The model aims to describe how a large collection of 'agents' will act when each can exist in two different states, they are arranged on a regular lattice (like a chess board), and the state of each 'agent' influences that of its immediate neighbours.

For example, in the Ising model of a magnet, the agents are magnetic atoms, each of which can have its magnetic 'poles' pointing in one of two opposite orientations. In a so-called ferromagnet, such as iron, the interactions between neighbouring atoms favour the alignment of their magnetic poles in the same direction. When all the 'atomic magnets' are orientated in the same way, they add up to give the material a net magnetization.

At high temperatures, however, the orientations get randomized because of the thermal motions of the atoms, and the material loses its magnetization. This happens to iron at around 770 °C. The Ising model describes how, as the temperature falls, certain kinds of material switch in a sudden 'phase transition' from a non-magnetic to a ferromagnetic state. It can also provide a model for the separation of a hot fluid into liquid and gas as it cools, or the transition from an unfolded to a folded protein molecule.

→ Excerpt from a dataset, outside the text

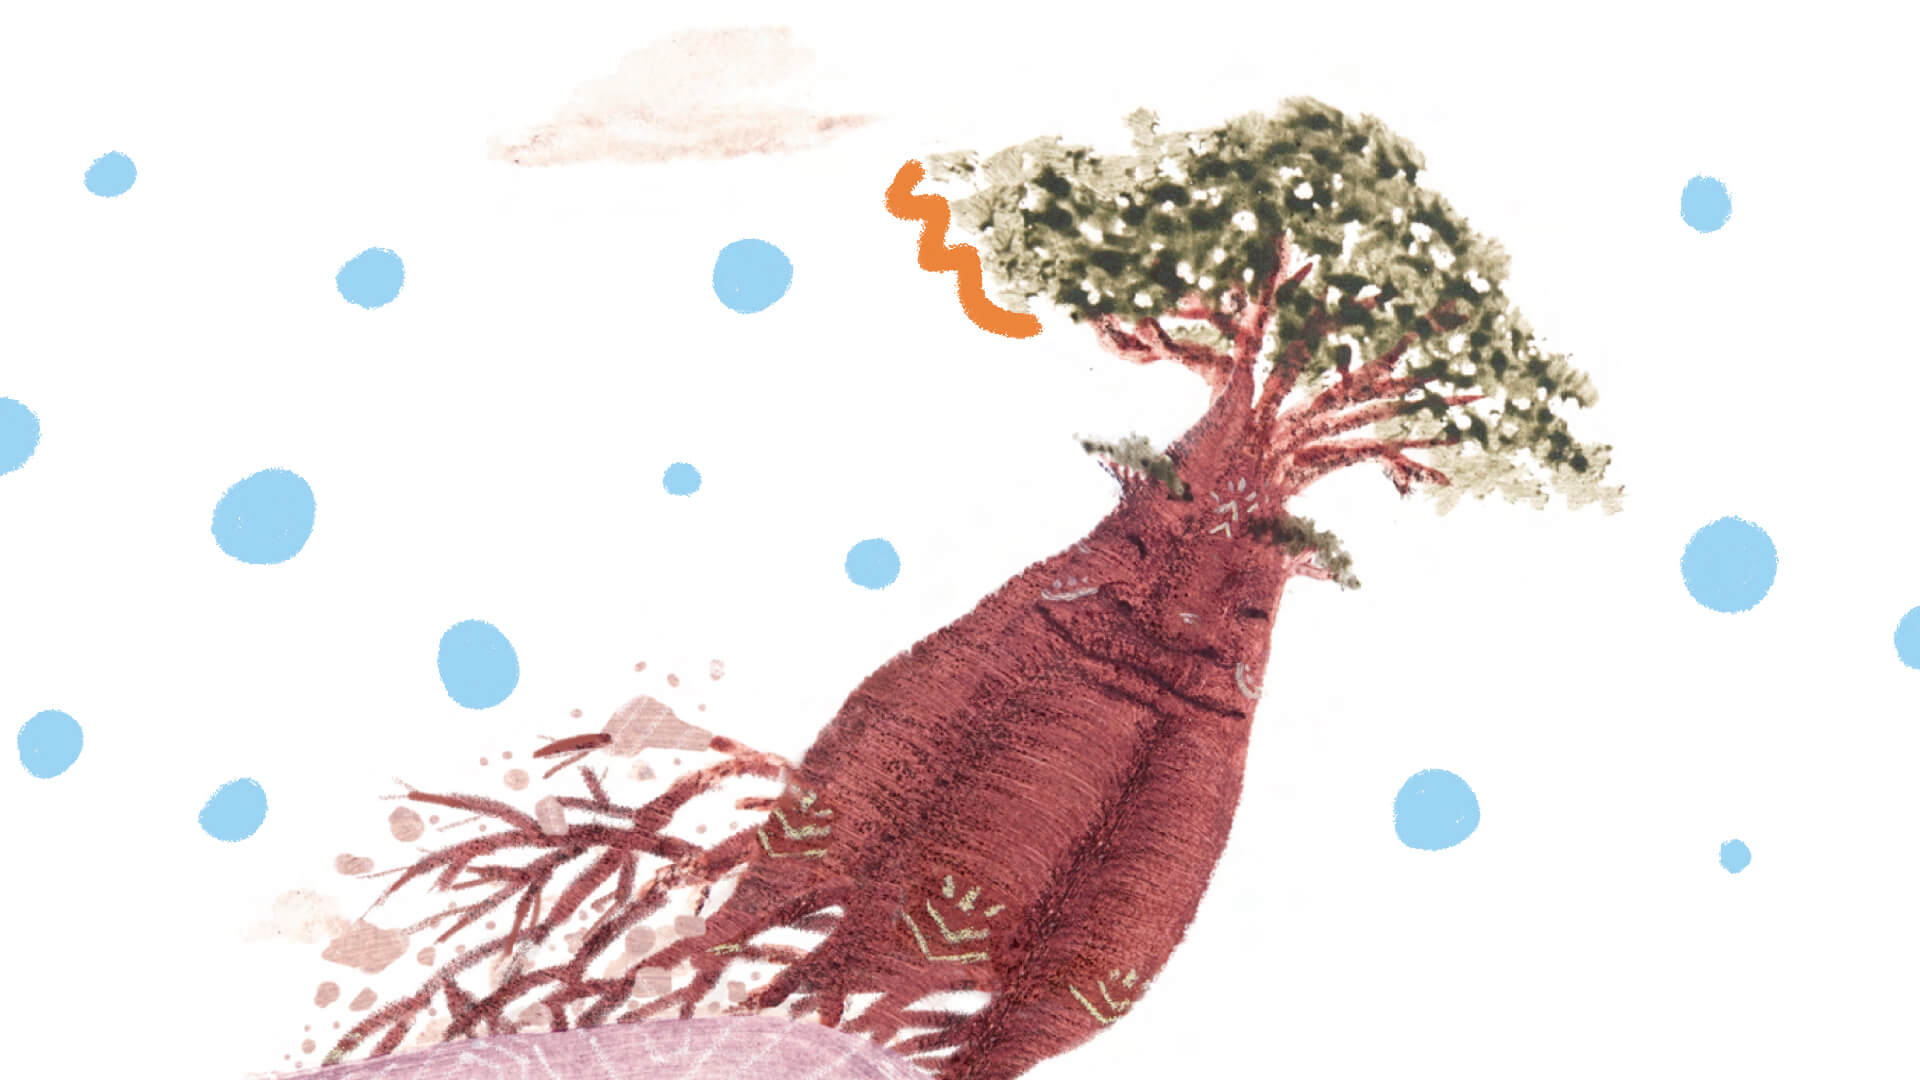 Imagem do livro Uma aventura do Velho Baobá” que mostra as raízes da árvore como se estivesse em movimento. Em torno dela, há intervenções de arte com bolinhas azuis e rabiscos laranjas.

Ising's original formulation of his model was one-dimensional -- he postulated a linear chain of equally spaced magnetic atoms. It is relatively easy to figure out how such a system behaves: perfect alignment of all the atomic magnets happens only if they are cooled to absolute zero. The smallest thermal motion is sufficient to break the cooperativity between them.

In two dimensions, with atoms arranged on a flat grid, things are more complicated. In the 1940s, the Norwegian physicist Lars Onsager showed that there is a transition to a magnetic state at some temperature above absolute zero, and he indicated how this temperature could be calculated from the basic features of the model, such as the strength of the interaction between neighbouring atoms. Onsager's theoretical 'solution' of the two-dimensional Ising model was tremendously difficult, and is widely regarded as a milestone in theoretical physics.

But of course most real systems are three-dimensional. In a 3D Ising model, the atoms occupy blocks on a 3D grid, like a collection of stacked boxes. It is easy enough to simulate such a system on the computer, whereupon one finds that this too undergoes a phase transition. The 3D Ising model is now widely used to model magnetism and other 'collective' behaviour of atoms on computers. But can one calculate the transition temperature knowing just the fundamental characteristics of the individual atomic components, as Onsager did in two dimensions? This is the challenge of the three-dimensional Ising model.

Now Sorin Istrail, a computational biologist, says it can't be done. He claims that the problem falls into the 'computationally intractable' class of conundrums that are too complex to be solved on any realistic timescale. Several thousand such problems are already known. It is not the same as saying that a computer can't find the transition by sheer number-crunching -- clearly it can. Rather, Istrail's work demonstrates that any attempt to formulate an exact equation relating the transition temperature to the model's basic parameters would take longer than is humanly feasible.